CIGR VI 2019

Presentation information

Poster Session

Others (including the category of JSAM and SASJ)

[5-1130-P] Other Categories (5th)

Thu. Sep 5, 2019 11:30 AM - 12:30 PM Poster Place (Entrance Hall)

11:30 AM - 12:30 PM

[5-1130-P-27] Classification for Fire Blight Disease Infection Area using Vegetation Index and Background Segmentation based on Multispectral Image

*Jun-woo Park1, Chan-seok Ryu1, Ye-seong Kang1, Sae-Rom Jean1, Si-Hyeong Jang1, Hye-Young Song1, Kyung-Suk Kang1 (1. GNU(Korea))

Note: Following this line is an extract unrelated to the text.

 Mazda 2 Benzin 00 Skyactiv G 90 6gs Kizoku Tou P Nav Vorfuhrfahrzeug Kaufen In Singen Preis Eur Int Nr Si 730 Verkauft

Keywords:Multispectral image, Point Cloud, Fire Blight, Vegetation index, Pear tree

Fire Blight (FB) is a bacterial virus called erwinia amylovora. The disease enters the flower or wounded area of the fruit tree, turning leaves and branches brown or black, and dies within one year. Leaves and branches dead by natural wind or pruning also fall into the orchard soil and become brown, similar to FB infection. In the aerial image for the FB discrimination of a wide orchard, there are naturally cut leaf and branches in addition to the desired FB area, which interferes with the FB discrimination.
In this study, we used the digital surface model (DSM) and vegetation index to remove unwanted areas and try to classify the FB infection area. The study area will be located on orchard A at Dokjeong-ri, Ipjang-myeon Cheonan-si, Chungcheongnam-do, Republic of Korea (36°92'42.0224"N, 127°22'70.6734"E) on June 7, 2018, and on June 20, it will be an orchard B at the National Institute of Horticultural & Herbal Science Pear Research Institute, Naju, Jeollanam-do, Republic of Korea (35°01'27.9912"N, 126°44'53.0412"E). Study equipment Unmanned aerial vehicles (UAVs) equipped with multispectral image sensors were used to acquire pear infection and non-infection multispectral images from two orchards. The acquired images were removed by using DSM generated by using the point cloud technique of Drone mapping software (Pix4D 4.3.31, Pix4D SA, Swiss) and GIS software (ArcGIS 10.5.1, Esri, USA), and the images were matched. The images were classified by FB area using vegetation index maps converted to spectral image software (ENVI 5.3, Exelis Visual Information, USA). Drone mapping software and GIS software were used to remove the background height of 100cm from the surface considering the FB area. As a result, an area of about 2,780 m² has been reduced to about 778 m². The area of the FB-infected area was estimated using the histogram and reflection values for the FB-infected and non-infected areas in the background-removed image. When histograms were used, the area of expected FB infection area was 142m² when Otsu's method was used at the NIR wavelength. When using the reflection values, a significant difference was found in the histograms of the red-red edge region and the red-NIR region, and only the overlapping regions were extracted by dividing the regions by Otsu's method. As a result, the estimated area of FB infection was reduced to 71m². As a result, removing the 100-cm-high background and then slinging certain areas of the reflection value could reduce the area of the FB-infected area the most.